Print exactly the lines below between the line holding "Business Plan Success" and the line holding "Classical Mechanics Problem on Friction", inclusive, and nothing more.

[Source material]
+===+
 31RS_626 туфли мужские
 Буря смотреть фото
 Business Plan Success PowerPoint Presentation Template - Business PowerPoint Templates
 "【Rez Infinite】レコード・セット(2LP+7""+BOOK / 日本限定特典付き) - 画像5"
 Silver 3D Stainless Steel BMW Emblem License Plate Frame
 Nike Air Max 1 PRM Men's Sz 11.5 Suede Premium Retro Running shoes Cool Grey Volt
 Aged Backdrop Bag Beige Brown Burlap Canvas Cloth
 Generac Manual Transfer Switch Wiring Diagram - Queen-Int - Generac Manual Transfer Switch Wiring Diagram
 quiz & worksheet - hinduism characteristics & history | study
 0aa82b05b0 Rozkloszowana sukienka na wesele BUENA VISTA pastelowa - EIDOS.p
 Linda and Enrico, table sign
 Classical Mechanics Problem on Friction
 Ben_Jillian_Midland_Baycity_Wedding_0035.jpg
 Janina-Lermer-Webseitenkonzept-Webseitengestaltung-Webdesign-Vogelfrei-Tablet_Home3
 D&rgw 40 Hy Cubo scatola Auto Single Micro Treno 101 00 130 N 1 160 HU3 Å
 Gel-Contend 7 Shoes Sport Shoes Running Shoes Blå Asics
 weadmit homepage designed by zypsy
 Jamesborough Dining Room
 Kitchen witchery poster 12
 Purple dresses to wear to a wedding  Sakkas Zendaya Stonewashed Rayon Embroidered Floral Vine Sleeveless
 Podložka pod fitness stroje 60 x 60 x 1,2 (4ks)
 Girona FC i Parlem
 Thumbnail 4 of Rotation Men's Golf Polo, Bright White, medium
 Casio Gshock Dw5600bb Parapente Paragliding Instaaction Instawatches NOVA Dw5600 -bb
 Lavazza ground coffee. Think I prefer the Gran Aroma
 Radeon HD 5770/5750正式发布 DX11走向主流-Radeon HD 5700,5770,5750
+===+
[Response area]
 Business Plan Success PowerPoint Presentation Template - Business PowerPoint Templates
 "【Rez Infinite】レコード・セット(2LP+7""+BOOK / 日本限定特典付き) - 画像5"
 Silver 3D Stainless Steel BMW Emblem License Plate Frame
 Nike Air Max 1 PRM Men's Sz 11.5 Suede Premium Retro Running shoes Cool Grey Volt
 Aged Backdrop Bag Beige Brown Burlap Canvas Cloth
 Generac Manual Transfer Switch Wiring Diagram - Queen-Int - Generac Manual Transfer Switch Wiring Diagram
 quiz & worksheet - hinduism characteristics & history | study
 0aa82b05b0 Rozkloszowana sukienka na wesele BUENA VISTA pastelowa - EIDOS.p
 Linda and Enrico, table sign
 Classical Mechanics Problem on Friction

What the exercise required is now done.